The cryptocurrency market has faced immense pressure in the first quarter of 2026, with Bitcoin and Ethereum recording some of their worst historical performances. Bitcoin's Q1 2026 return currently stands at -23.21%, marking its third-worst first-quarter performance since 2013 and a stark departure from its historical Q1 average return of 45.90%.
This poor performance extends a prolonged downtrend. Bitcoin has now suffered five consecutive months of losses, its longest losing streak since 2018. After a brief positive start to the year, a rejection at $98,000 led to a nosedive, with January seeing a loss of just over 10%. A massive crash in early February pushed Bitcoin to a low of $60,000—its lowest level since October 2024. Although it rebounded to finish February around $65,000-$66,000, the month still ended with a 15% decline.
The landscape for Ethereum is even more severe.
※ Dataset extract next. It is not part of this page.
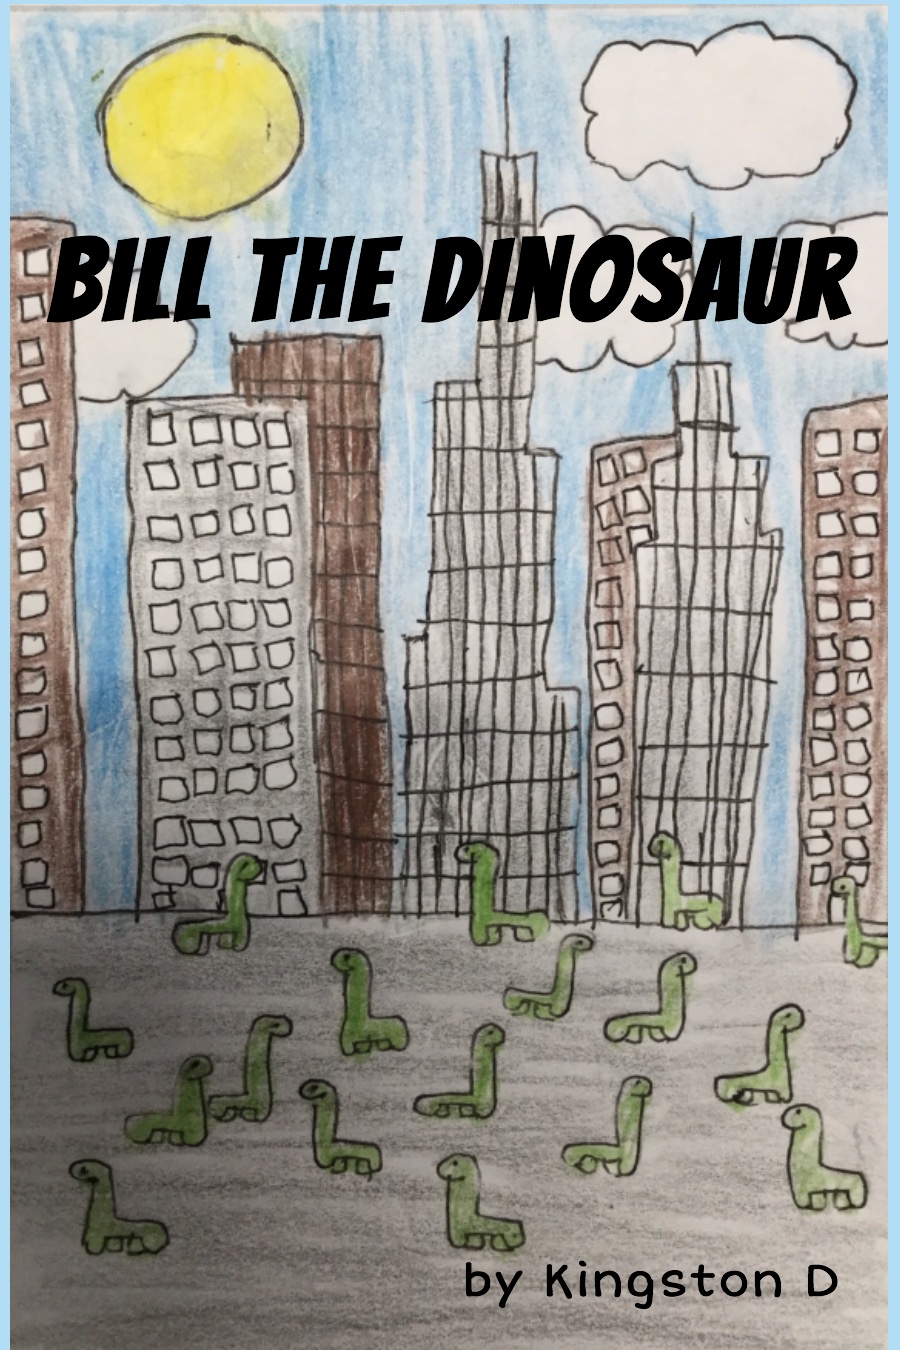 Bill the Dinosaur by Kingston D

ETH has been in the red for six consecutive months and has seen positive returns in only three of the past fifteen months. Its Q1 2026 return is -32.17%, the third-worst since 2016, compared to a historical Q1 average of 66.45%. January and February were particularly violent, with declines of 17.7% and 19.6%, respectively. Ethereum is currently struggling to maintain a price above the $2,000 level.
Macroeconomic factors are cited as primary drivers for the sharp decline. Persistent inflation concerns and signals from the U.S. Federal Reserve regarding monetary policy have created uncertainty. Reports that economist Kevin Warsh may become the next Fed Chair raised expectations for tougher monetary policies, prompting investors to pull capital from speculative assets like cryptocurrencies.
Institutional confidence has also waned. Spot Bitcoin Exchange-Traded Funds (ETFs) experienced a sharp decrease in assets under management, falling from a peak of $165 billion in late 2025 to approximately $96 billion by mid-February 2026—a decline of about 41%. This reflects a reduction in institutional exposure amid tightening financial conditions.
Furthermore, geopolitical tensions, particularly in the Middle East, have added pressure, driving investors toward traditional safe-haven assets like gold, which gained nearly 17% since the start of 2026. Contrary to some historical beliefs of Bitcoin acting as a hedge, recent data shows crypto markets trading in close tandem with general risk assets like technology equities, declining in sync as global liquidity tightens.